Frases en puntos suspensivos

Querida amiga:

  Esta será la última carta que te escriba. No sé si llegarás a leerla algún día, pero necesitaba decirte todo aquello que me quedó por decir.

  Te hice muchas promesas que jamás cumplí ni llegaré nunca a hacerlas realidad. Muchas palabras que ahora son tan sólo eso, palabras. Palabras que han perdido todo su sentido y significado, frases que quedaron en puntos suspensivos sin llegar a ningún final.

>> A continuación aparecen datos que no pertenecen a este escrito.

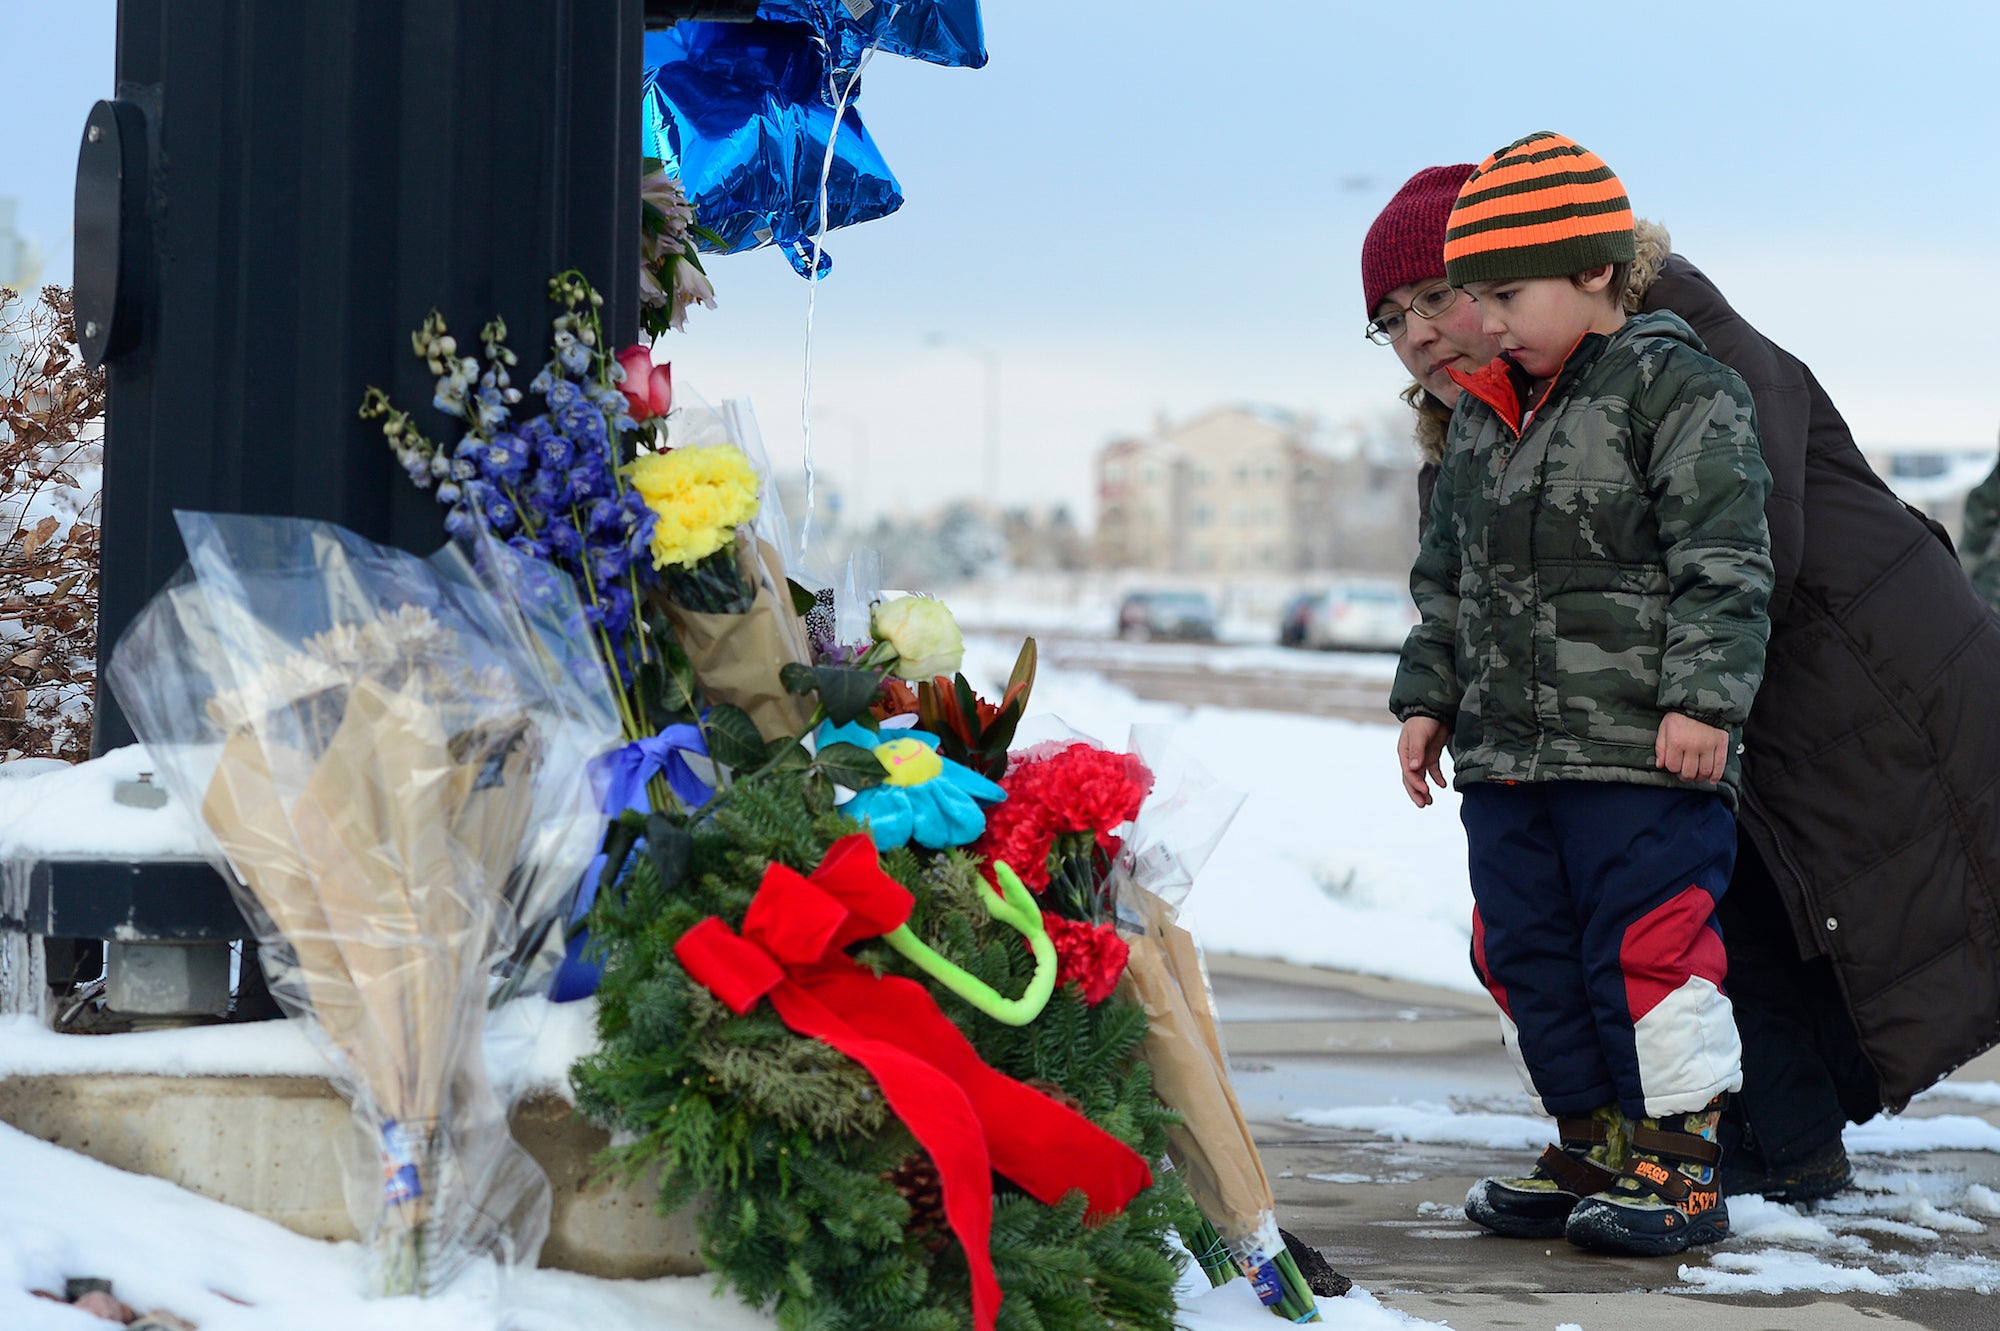 A man and his son visit a memorial for the shooting victims in Colorado Springs, Colorado.

  Ahora siento haberme ido de tu lado aquel día. Apenas te acababa de conocer y sabía que quería pasar el resto de mi vida a tu lado, pero me tuve que ir. Tenía que hacer aquel viaje que había programado hace algún tiempo atrás. Tenía que encontrarme a mí mismo primero, antes de vivir esa aventura contigo. Después de todo lo que había sucedido necesitaba estar un tiempo solo, reflexionar y meditar. Nunca había planeado conocerte, pero la vida da vueltas y esa noche el destino quiso que te cruzaras en mi camino. No quería separarme de ti, pero te dejé ahí. “Solo son seis meses, el tiempo pasa rápido”, pensaba una y otra vez. Ahora sé que esos malditos seis meses durarán para siempre.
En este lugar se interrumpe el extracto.